## Given information
━━━━

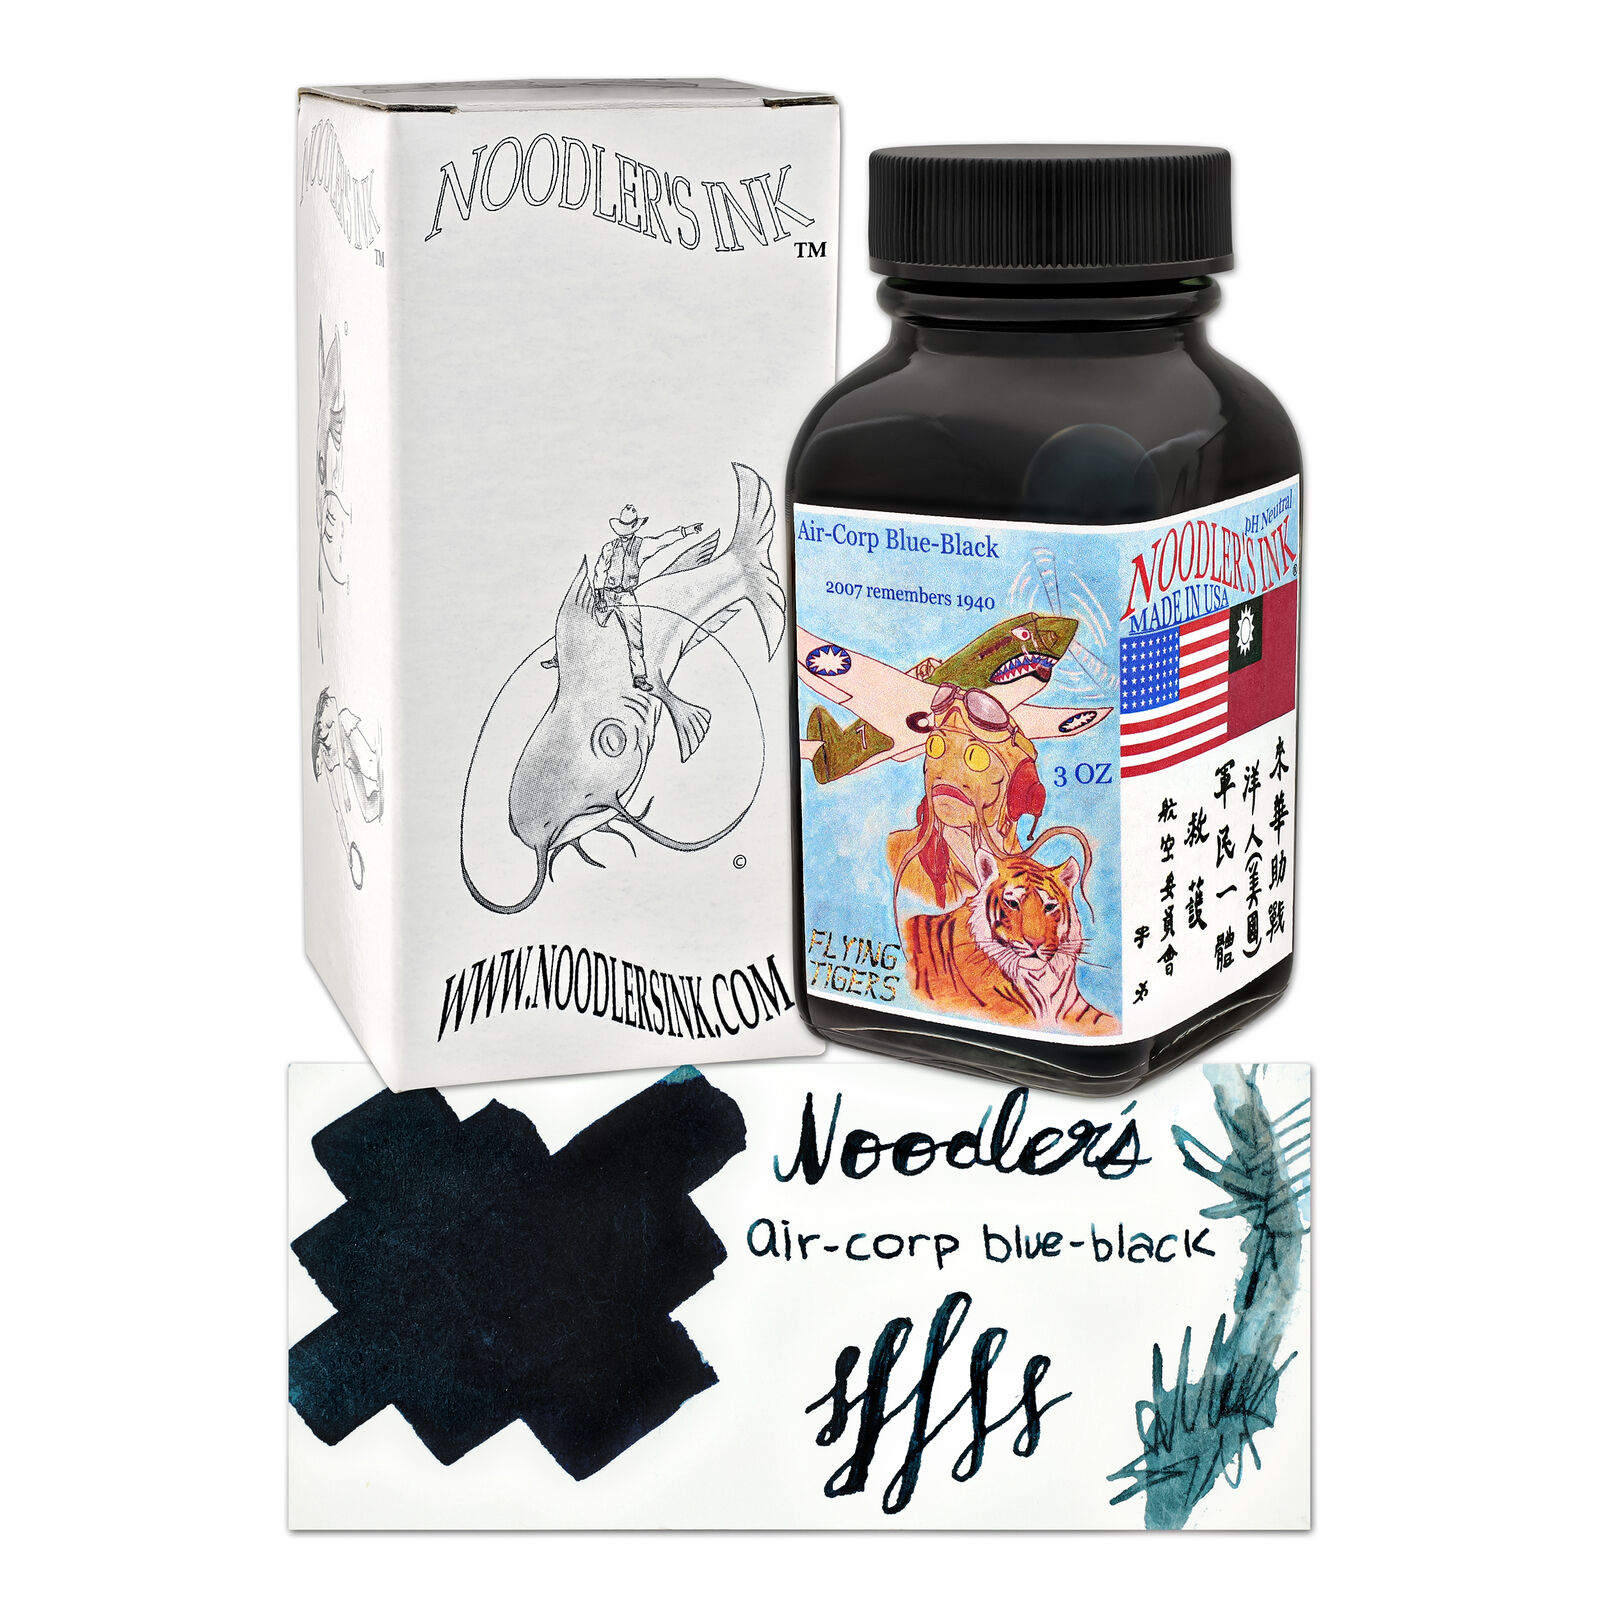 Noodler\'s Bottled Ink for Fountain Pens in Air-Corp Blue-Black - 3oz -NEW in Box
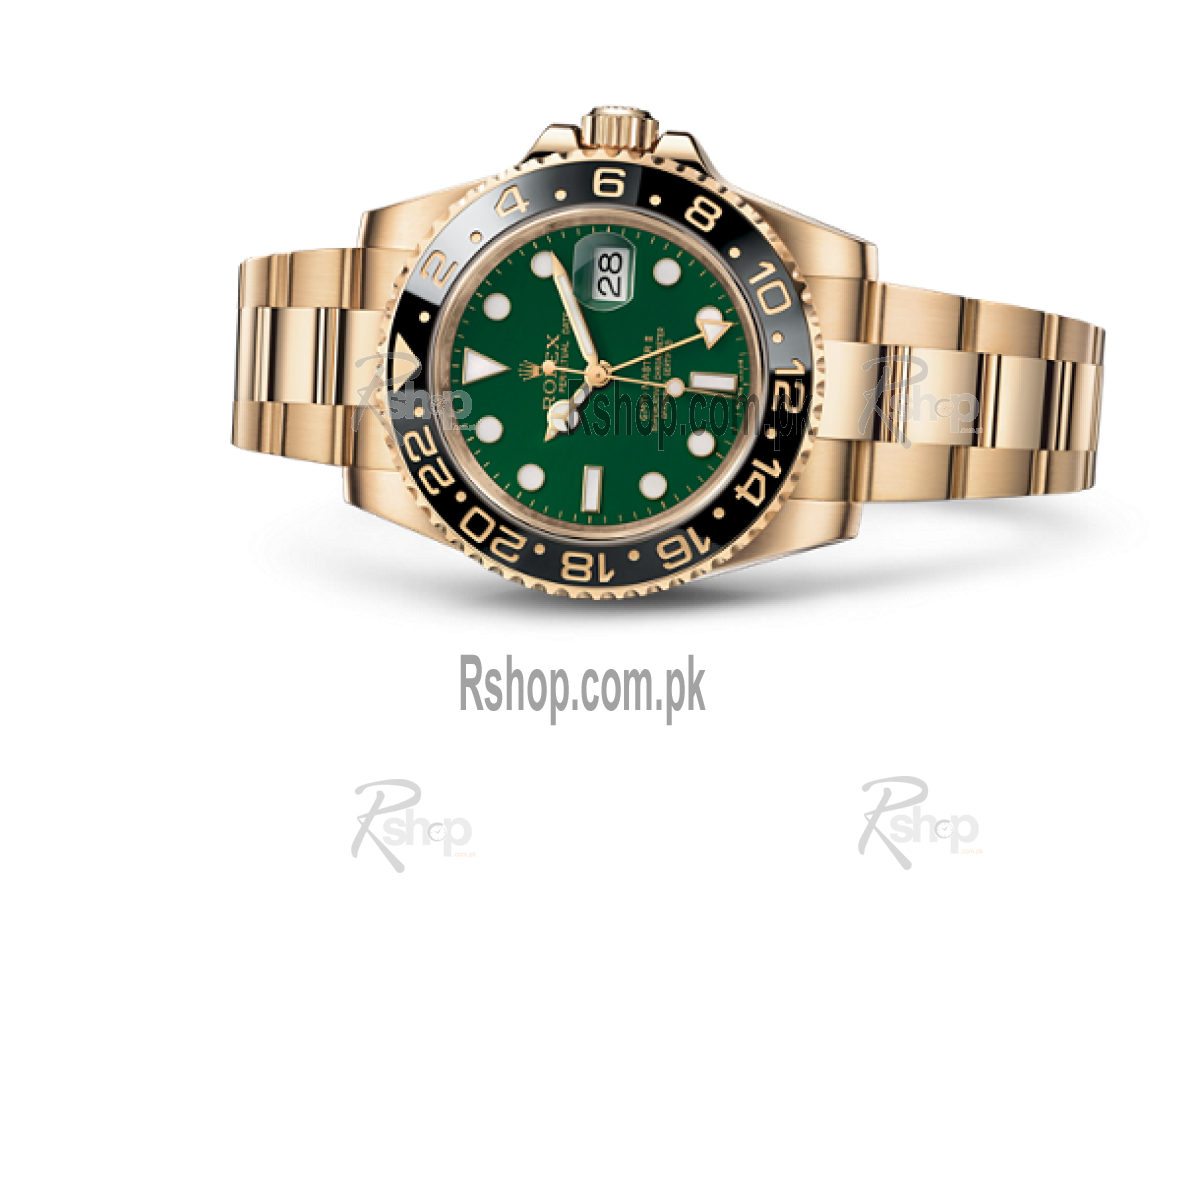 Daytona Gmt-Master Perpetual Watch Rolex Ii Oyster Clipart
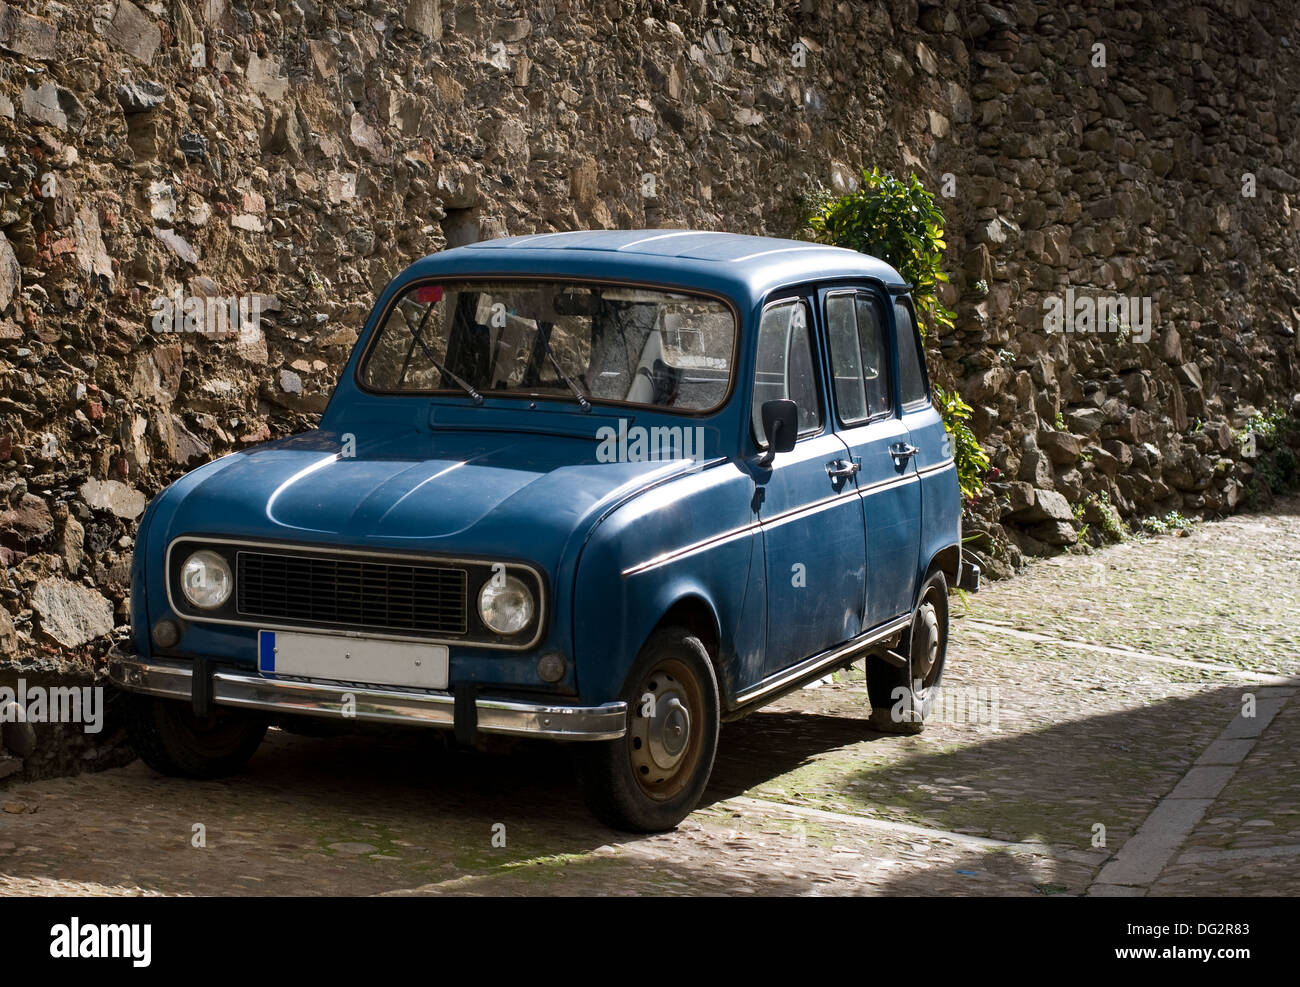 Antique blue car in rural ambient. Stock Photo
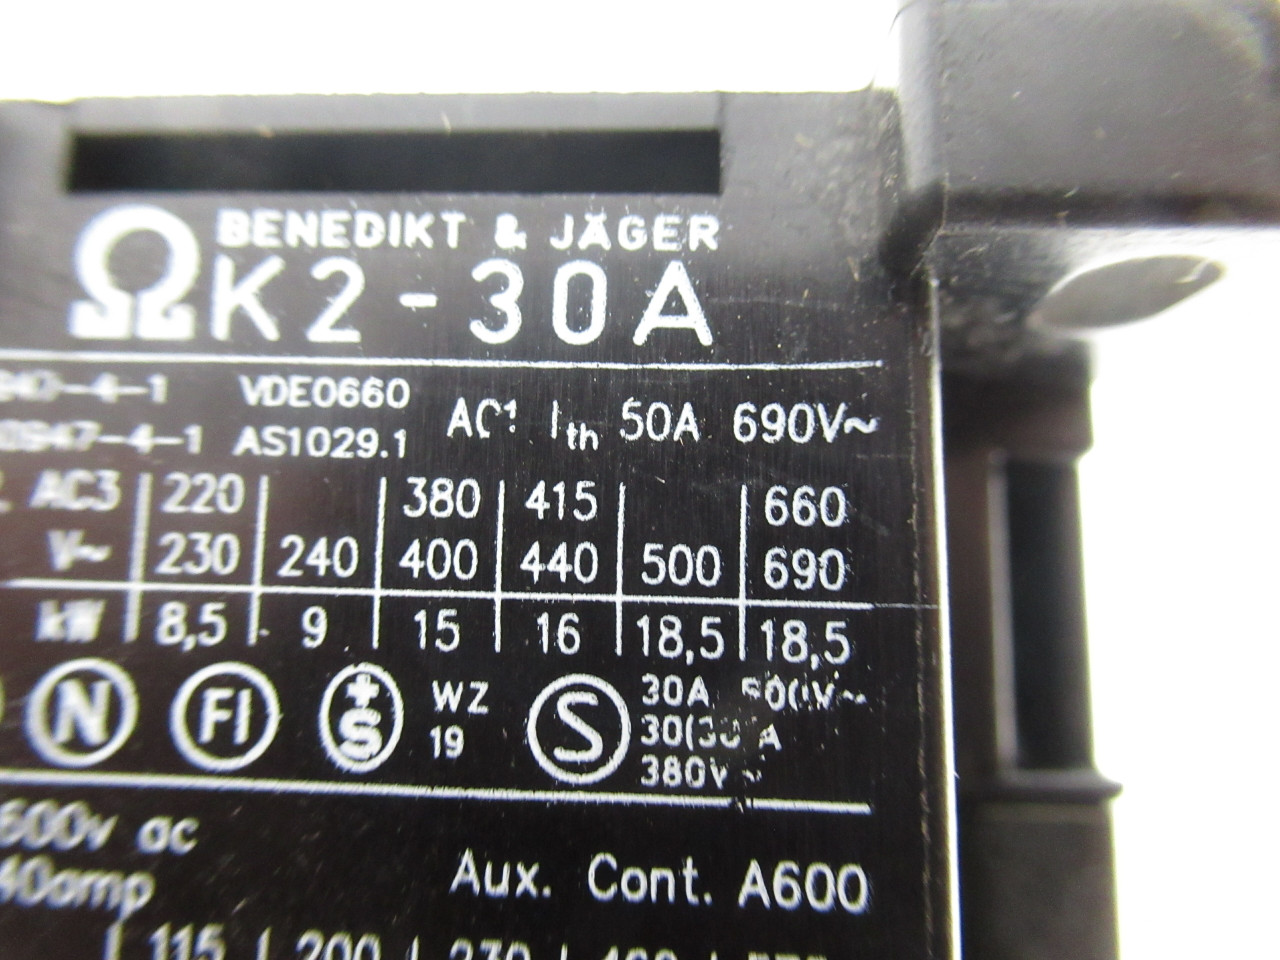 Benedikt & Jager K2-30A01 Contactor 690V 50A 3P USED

━━━━

## Description of the task
None of the pictures should be reproduced; all other material above must be set down exactly.

## Answer to this task
 Noodler\'s Bottled Ink for Fountain Pens in Air-Corp Blue-Black - 3oz -NEW in Box
 Daytona Gmt-Master Perpetual Watch Rolex Ii Oyster Clipart
 Antique blue car in rural ambient. Stock Photo
 Benedikt & Jager K2-30A01 Contactor 690V 50A 3P USED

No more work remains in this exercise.